New Fisher exhibit reflects on the beauty of endurance


The Fisher Museum’s latest exhibit is packed with the experiences students had throughout the pandemic and how they used their art and talent to persevere. (Julia Hur | Daily Trojan Horse)

“I took the time to look inside and really think about what I want to accomplish with my art. I want to enlighten, entertain and give food for thought.

Here, Karen Amy Finkel Fishof, a local contemporary artist whose art features prominently on the walls of the USC Fisher Museum of Art’s latest exhibition, perfectly sums up what it feels like to discover “Art and hope at the end of the tunnel ”.

After being closed for over a year (despite briefly reopening in April for a short report on Dan McCleary), the Fisher Museum revealed “Art and Hope at the End of the Tunnel” on September 10. The exhibit, curated by Edward Goldman, art critic and host of NPR’s “Art Talk”, centers on art created during the coronavirus pandemic. It serves as an uplifting reminder that art holds power and can heal in tragic times.

The space itself is a wonderful environment to view art. Quotes from artists adorn the crisp white walls that support each hanging piece. By showcasing artists of color and designers from a variety of unique backgrounds, it is clear that the exhibition celebrates the diversity within the contemporary art world.

While the Fisher Museum showcases artwork from many different mediums (including stunning quilted tapestries and more abstract collages), the exhibit above all excels in its display of various portraits. The portraits featured a range from the Basquiat-inspired canvas by Damian Elwes to the futuristic die-cast aluminum busts of Simon Toparovsky and Ken Gonzales-Day’s collection of “Pandemic Portraits” of other artists, models and friends.

One of the most notable works is the series of photographs by Brendan Lott. In these candid images, Lott illustrates the beauty and pain in a mundane existence and the joys and trials of everyday life during the pandemic. Inspired by his real neighbors, the images give the impression that we recognize the subjects within us – a man making his bed, a woman looking at her phone, an unidentifiable figure lying on their sofa, another singing “Titanium” by David Guetta at the karaoke of his television.

In these scenes there is a pervasive feeling of fear, defeat, joy, exhaustion, but most of all, endurance. Lott reminds us of this through his work. The pandemic has had an emotional and physical impact on many people, and just putting up with these difficult times is something to be proud of and to celebrate.
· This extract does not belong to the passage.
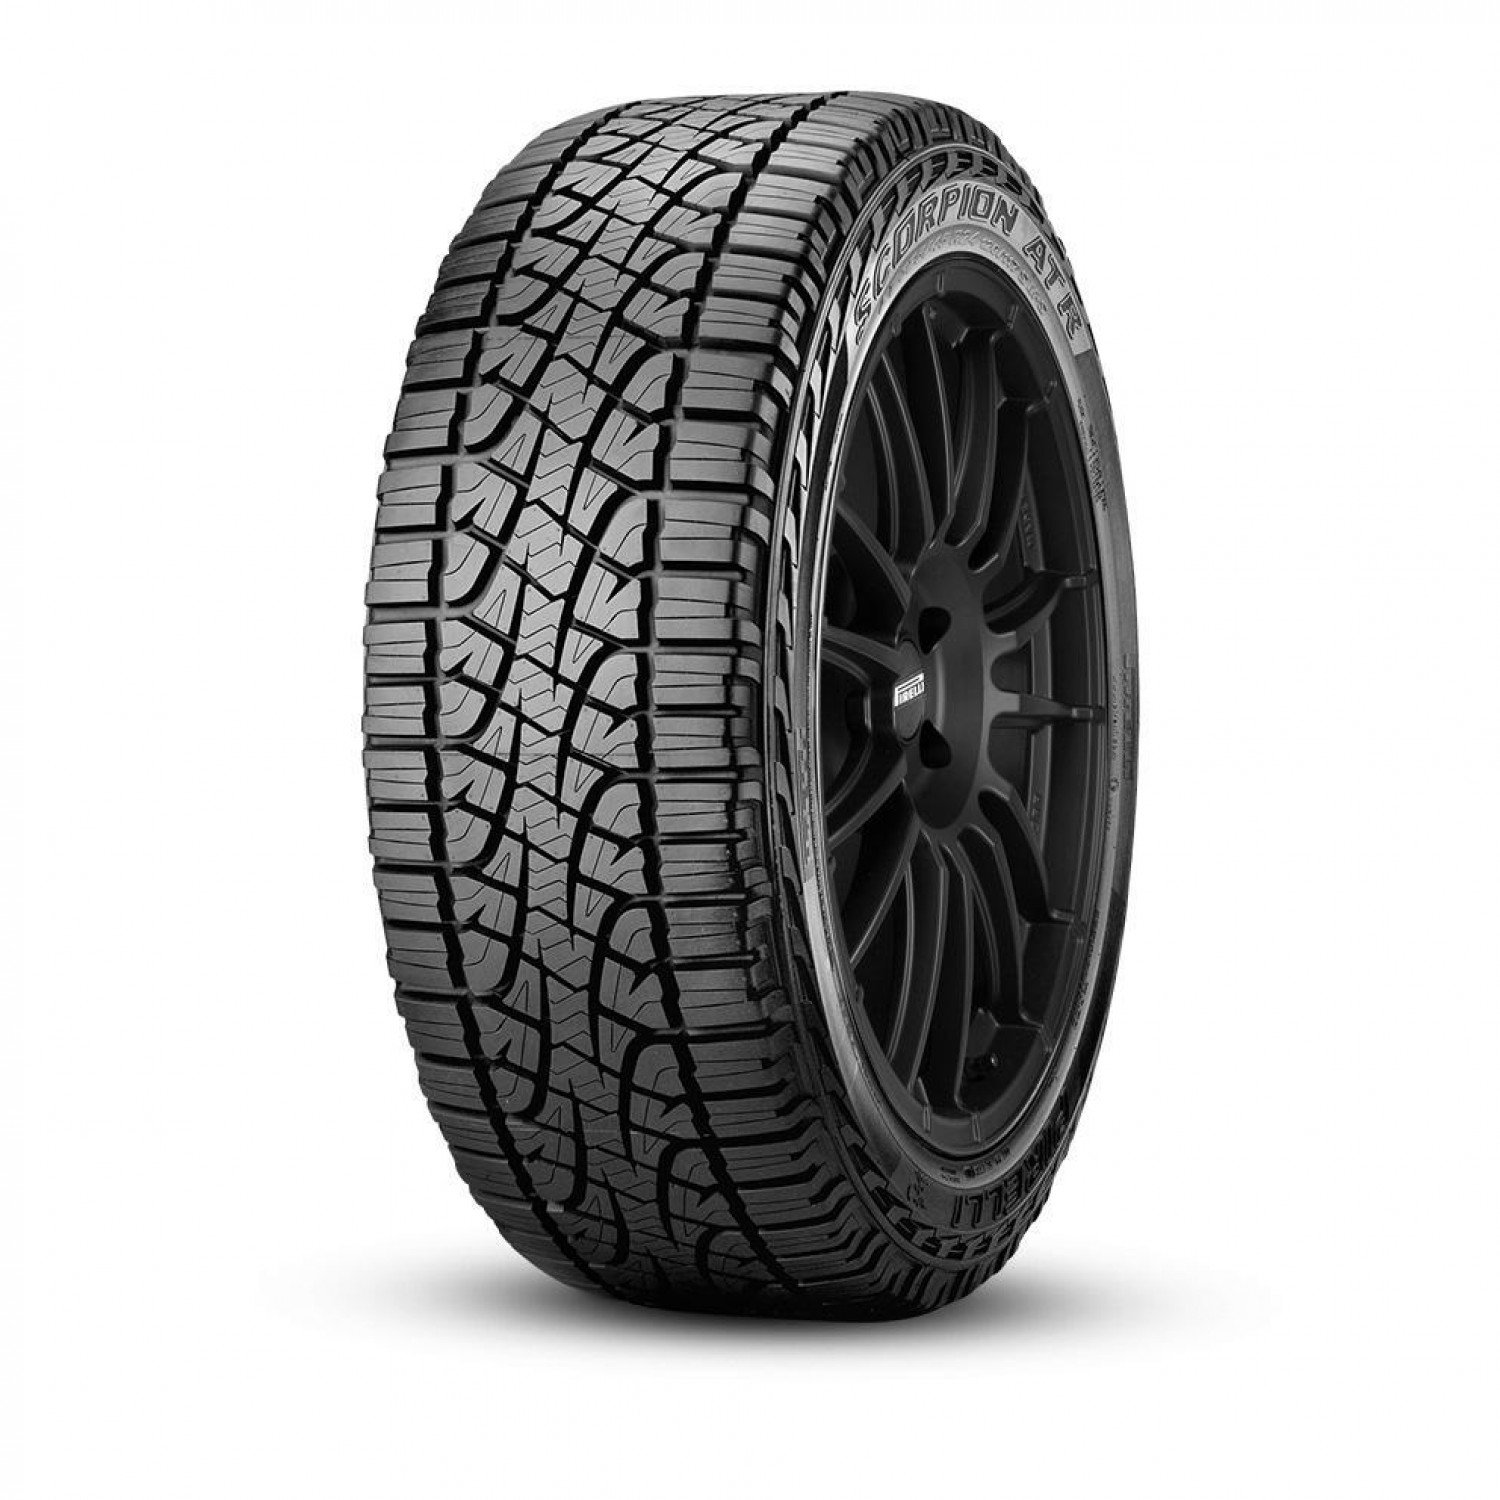 Pirelli Scorpion All Terrain Reversable 110T) White Letters/Black Outlined Plus (245/70R17 Tire Sidewall vzn121972

Beyond the emphasis on portraits, the exhibition also emphasizes political art. Leo Marmol celebrates his legacy in his series of American and Cuban flag paintings while John Nava’s oil on paper commemorates a migrant child who suffered grave injustice on the southern border. By choosing such a young subject, Nava acknowledges this devastating reality but also reminds the viewer of the younger generations and their hope for a better life, ultimately urging the audience to support the establishment of a more humane immigration system.
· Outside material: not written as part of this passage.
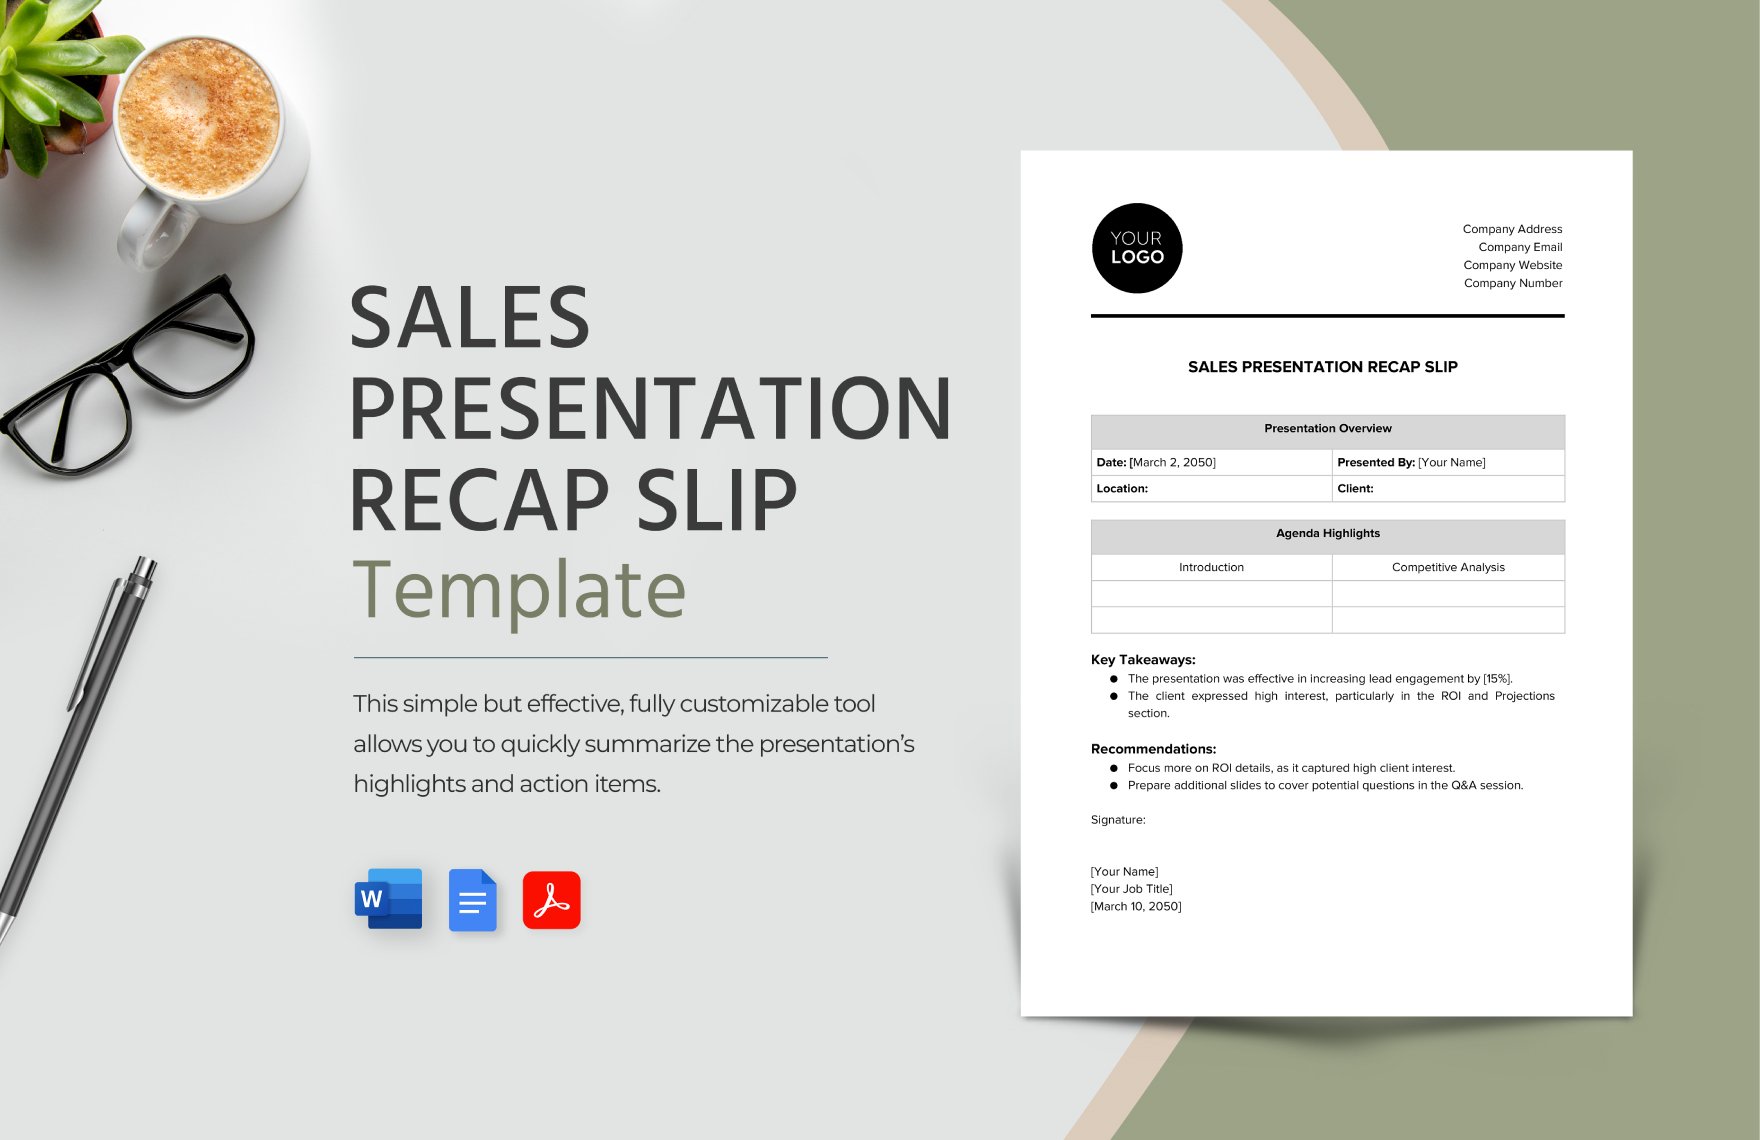 Sales Presentation Recap Slip Template

Other work focuses more on the resurgence of the Black Lives Matter movement in 2020. Mark Steven Greenfield’s religious plays were particularly extraordinary. In his paintings, black individuals depict several biblical figures in idol-like forms, reusing the old Byzantine style and taking up central Christian figures as an integral part of modern black history. The artist calls this series “representations of new beginnings”, which perfectly complements the general inspiration of the exhibition.

However, some political comments don’t quite fit the theme. For example, Keiko Fukazawa’s porcelain profiles of tyrannical leaders, such as Mao Zedong and Donald Trump, miss the mark, focusing more on unequivocal leadership failures and not enough on the path to a better future. Although well executed, these ironic commemorative plaques do not go well with the idea of ​​hope.

There is a great balance of light and serious art in the exhibition. While many of the aforementioned works deal with important issues, one piece in particular stands out for its playful and refreshing character. Karon Davis’ sculpture titled “Quarantini” uses a cheeky pun and shows a woman casually holding a coral martini glass topped with an olive. It shows that even in their mid-forties, people still found ways to have fun.

‘Art and Hope at the End of the Tunnel’ offers a surreal escape from the pandemic, embraces recent deep socio-political movements, and recognizes the beauty of introspective contemplation and the new appreciation for life that many artists have found over the years. last year and a half in quarantine.

“Art and Hope at the End of the Tunnel” is on view until December 4, 2021.